Field name encoding specification for bidirectional conversion of nested JSON to a table representation

Find a file

mih e25086253b Compare to RFC6901		2025-10-18 17:03:06 +00:00
README.md	Compare to RFC6901	2025-10-18 17:03:06 +00:00

README.md

Field name encoding specification for bidirectional conversion of nested JSON to a table representation

Challenge

Spreadsheets are a widely known data representation and using spreadsheet applications is a common skill. Being able to present information in this format (if possible) helps making data more accessible.

Records compliant with the schema toolbox at https://concepts.datalad.org are often nested structures that cannot easily represented as a single table.

Representing a nested structure (using JSON terminology as an example here), requires putting all fields -- traversing items in arrays and objects -- into a single, one-dimensional sequence.

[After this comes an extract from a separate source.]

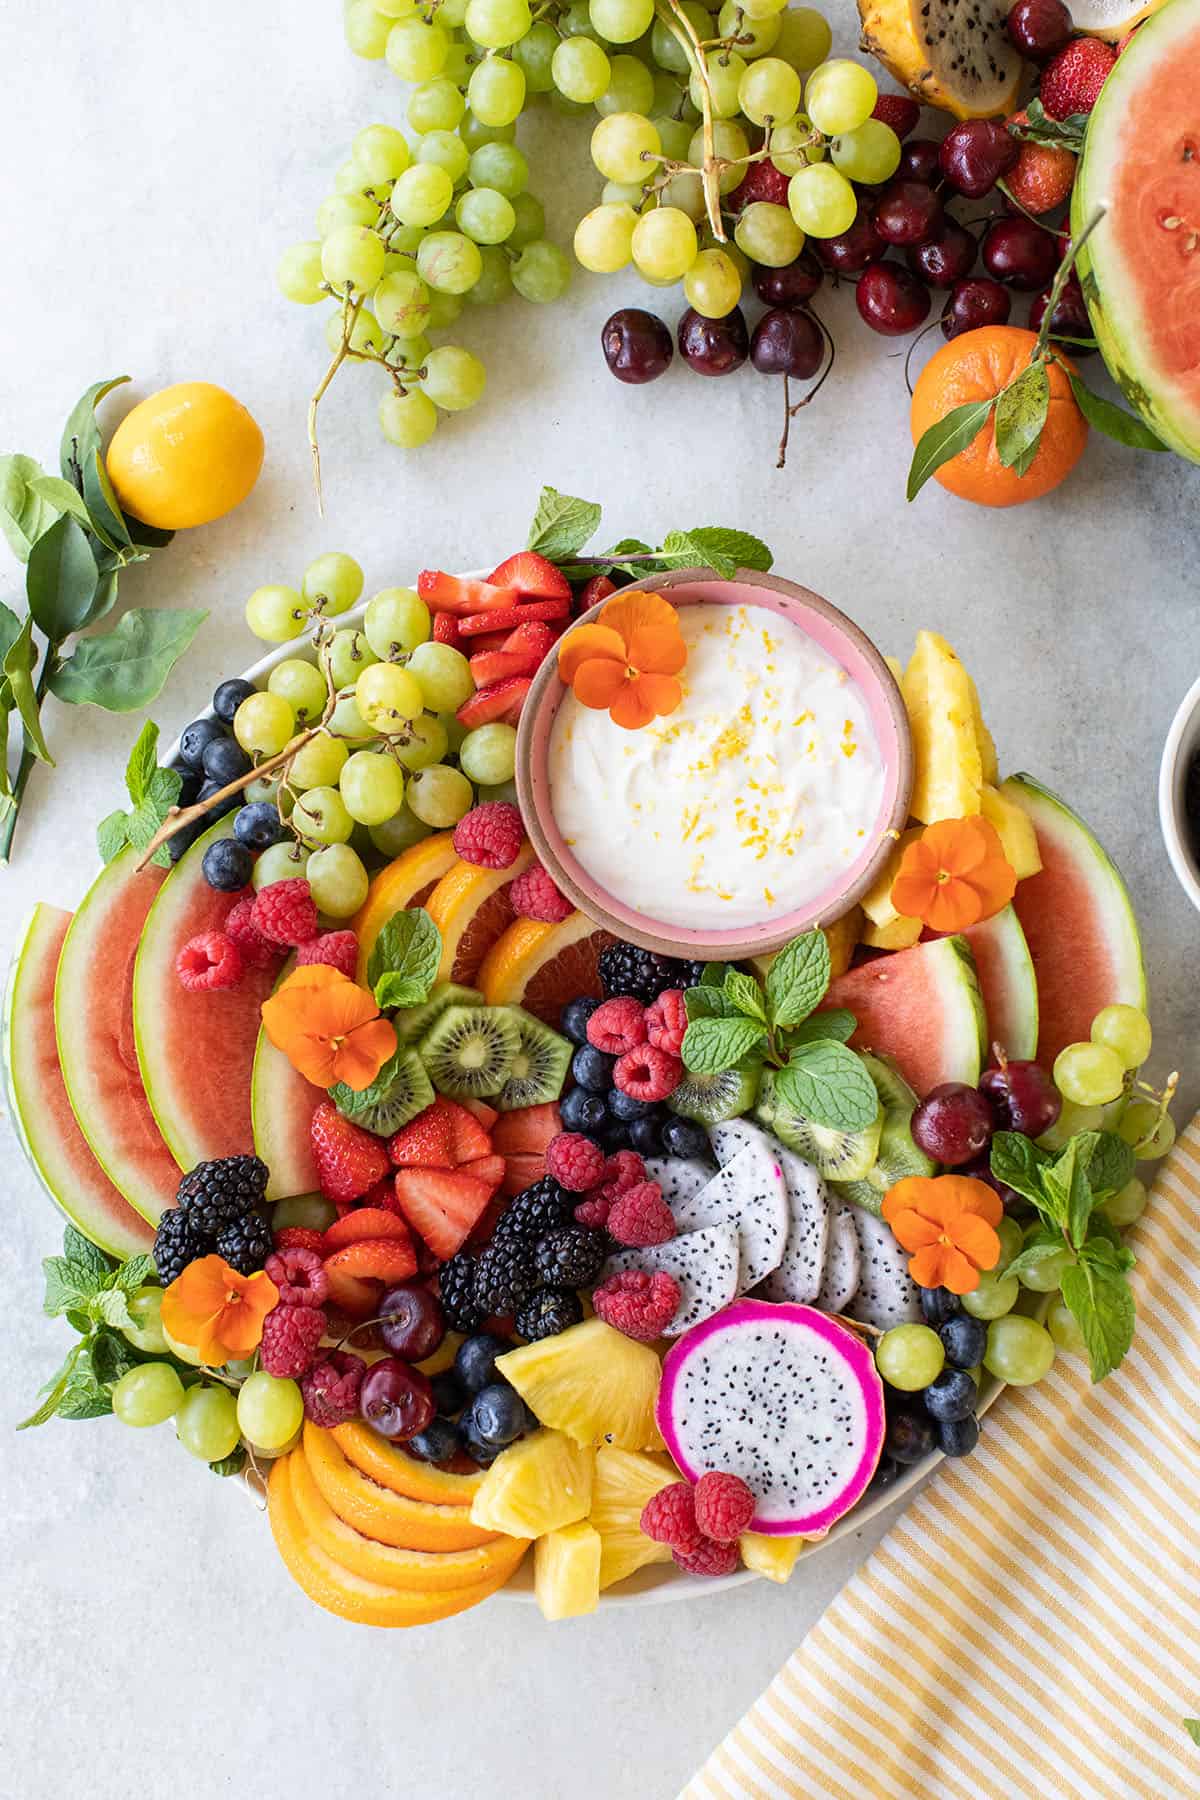 The most beautiful fruit platter.

Moreover, if (back-)conversion from a table to the original nested structure is necessary, this original structure needs to be encoded in the table somehow.

Proposed solution

The original nested structure is encoded into the column headers/names of the table.
Without nesting (e.g., for a top-level object), the column name equals the field name (object key) exactly.
With nesting (involving an array or an object), the column name is wrapped into any single, specific (and customizable) character -- the first and last character of the column name are identical, and the identity of this character defines the nesting indicator/delimiter. Examples:
- name (no nesting)
- $....name$ (nesting with $ delimiter)
When a nesting indicator is present, one or more of the following conditions must be met in addition, or the indicator character is considered as a part of a regular column header. For readability, we use $ as the indicator character below, but any character could be chosen.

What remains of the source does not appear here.